I understand that there are people whose exclusion may increase the goodness-of-fit. But it is principal for me to not do it. My classmates helped me, I do not want to be selfish + I’m interested in analyzing data as it is!
plot(hp_un, plot.type = "stressplot")plot(hp_un, plot.type = "Shepard")As I mentioned earlier, I get that in other cases some deleting observations can be a good idea, but for me - it is not. I’ll look at the stress-1 value difference but won’t work with the new model further.
hp_un3 <- unfolding(breakfast[c(-13, -17, -29, -21), ])
hp_un3$stress## [1] 0.3007895
hp_un$stress - hp_un3$stress## [1] 0.01980756
Yes, there’s a slight difference in values for 2 models. Still, it’s so small, so it doesn’t worth it to exclude my colleagues from the analysis.

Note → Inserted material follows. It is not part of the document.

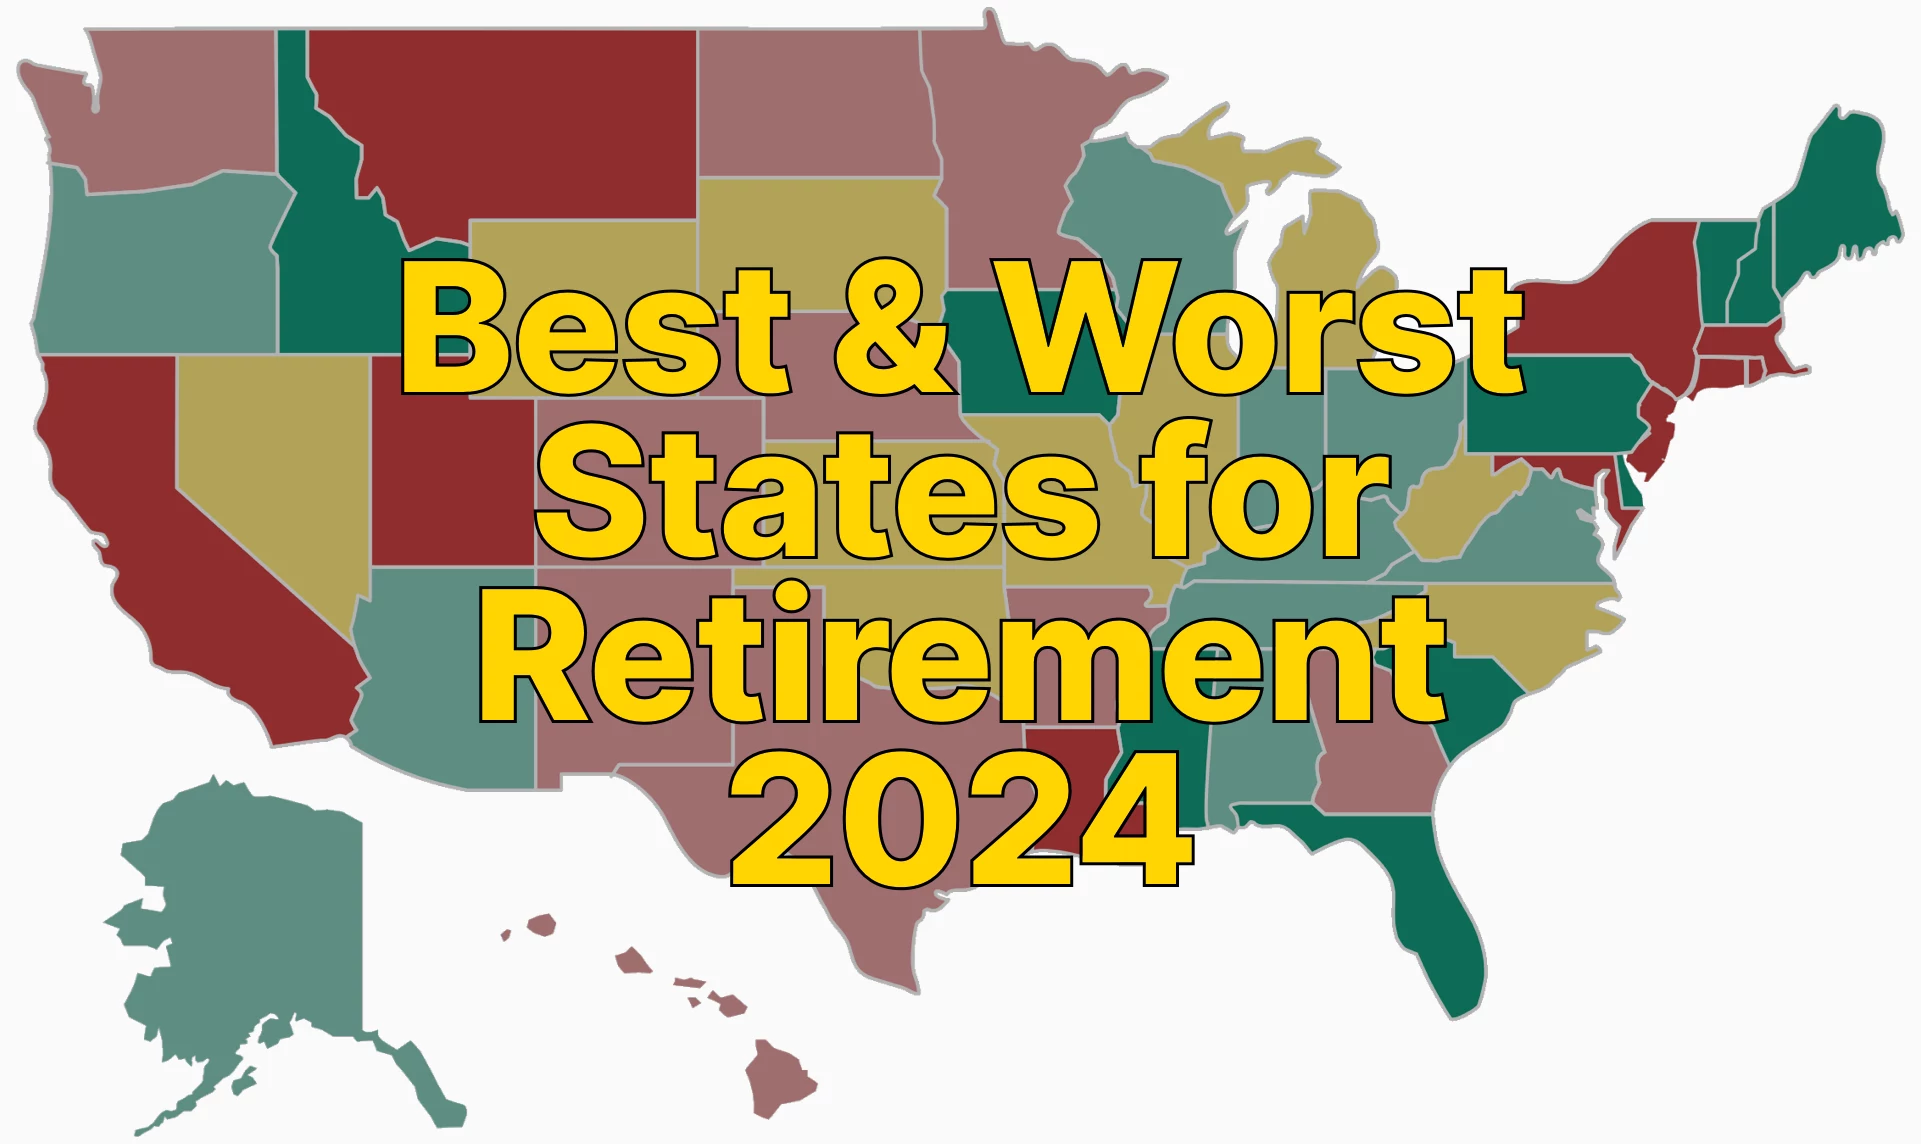 Best and Worst States for Retirement 2024

permtest(hp_un, hp, nrep = 1000, verbose = F)##
## Call: permtest.smacofR(object = hp_un, data = hp, nrep = 1000, verbose = F)
##
## SMACOF Permutation Test
## Number of objects: 30
## Number of replications (permutations): 1000
##
## Observed stress value: 0.321
## p-value: 0.003
I can reject H0 “stress/configuration are obtained from a random permutation of dissimilarities”. The model, at least, is better than the random one. There’s some structure inside the configuration.
K-means
Just to highlight the clusters here
# K-means clustering
clust <- kmeans(prefer[, 1:2], 3)$cluster %>%
as.factor()
prefer1 <- prefer %>%
mutate(groups = clust)
colnames(prefer1[1:2]) <- c("Dim.1", "Dim.2")

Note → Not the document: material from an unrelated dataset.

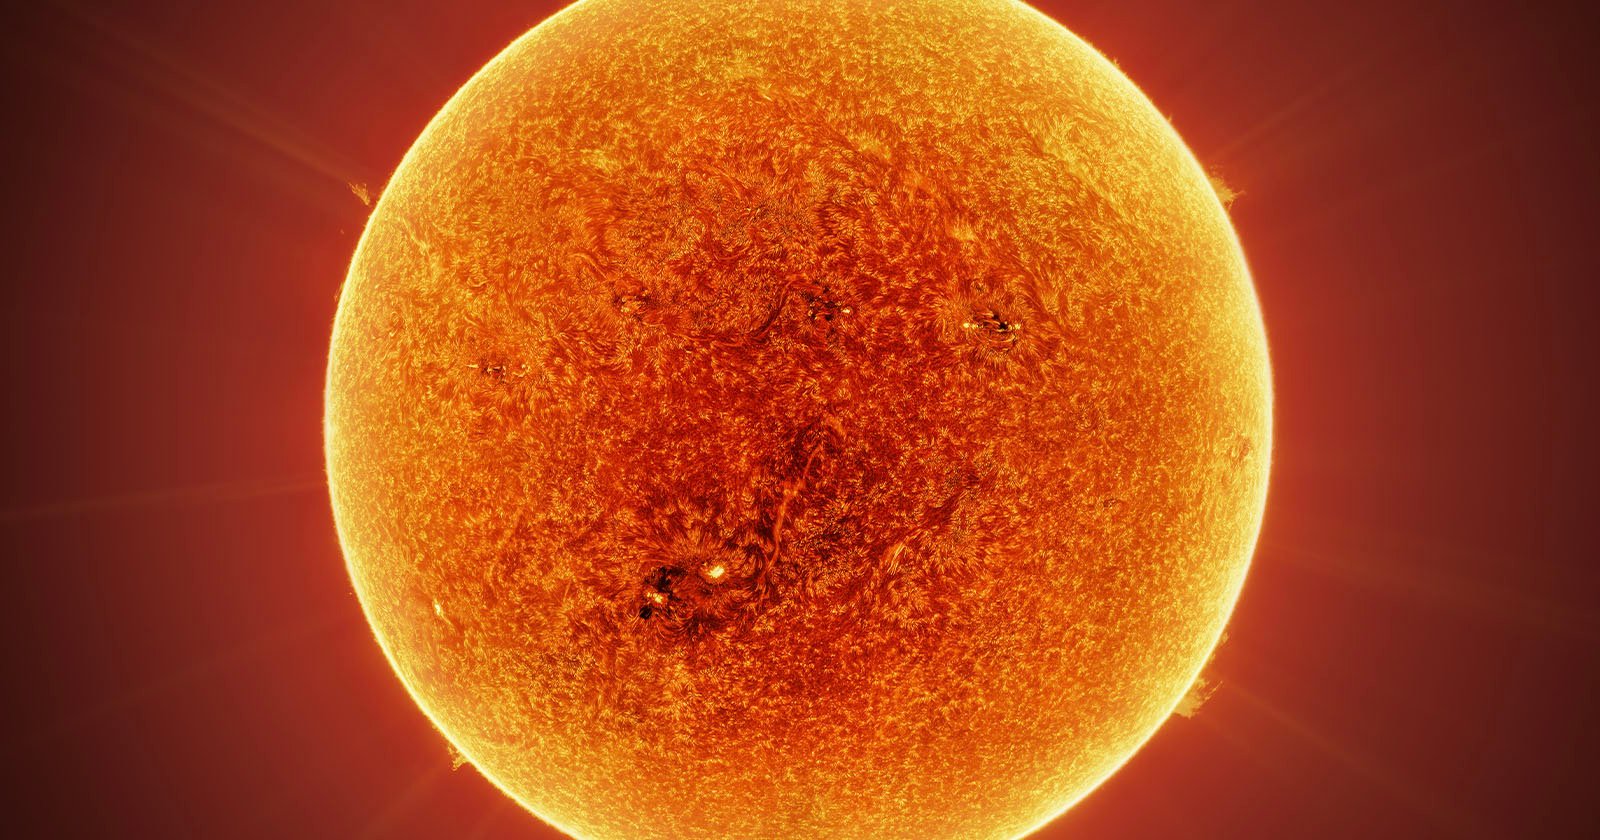 A photo of the sun taken by a 400-megapixel photographer consists of 100,000 images

# Plot and color by groups
ggscatter(prefer1, x = "D1", y = "D2",
color = "groups",
size = 3,
ellipse = TRUE,
shape = "who",
ellipse.type = "convex",
repel = TRUE, label = rownames(prefer1),
xlab = "Main/Secondary Characters",
ylab = "Kind & Friendly/Cunning & Smart")Conclusion
For me, it is also possible to interpret the dimensions. The 1st is “Main/Secondary Characters”, and the 2nd is “Kind & Friendly/Cunning & Smart”.
Ron is highly unpopular;
I would say that there are 3 groups (for me, k-means is more interpretable with 3 clusters) of my classmates with somehow similar preferences.
I have quite similar tastes with my friends and with people I communicate with the most, so I’m interested in how it works for others!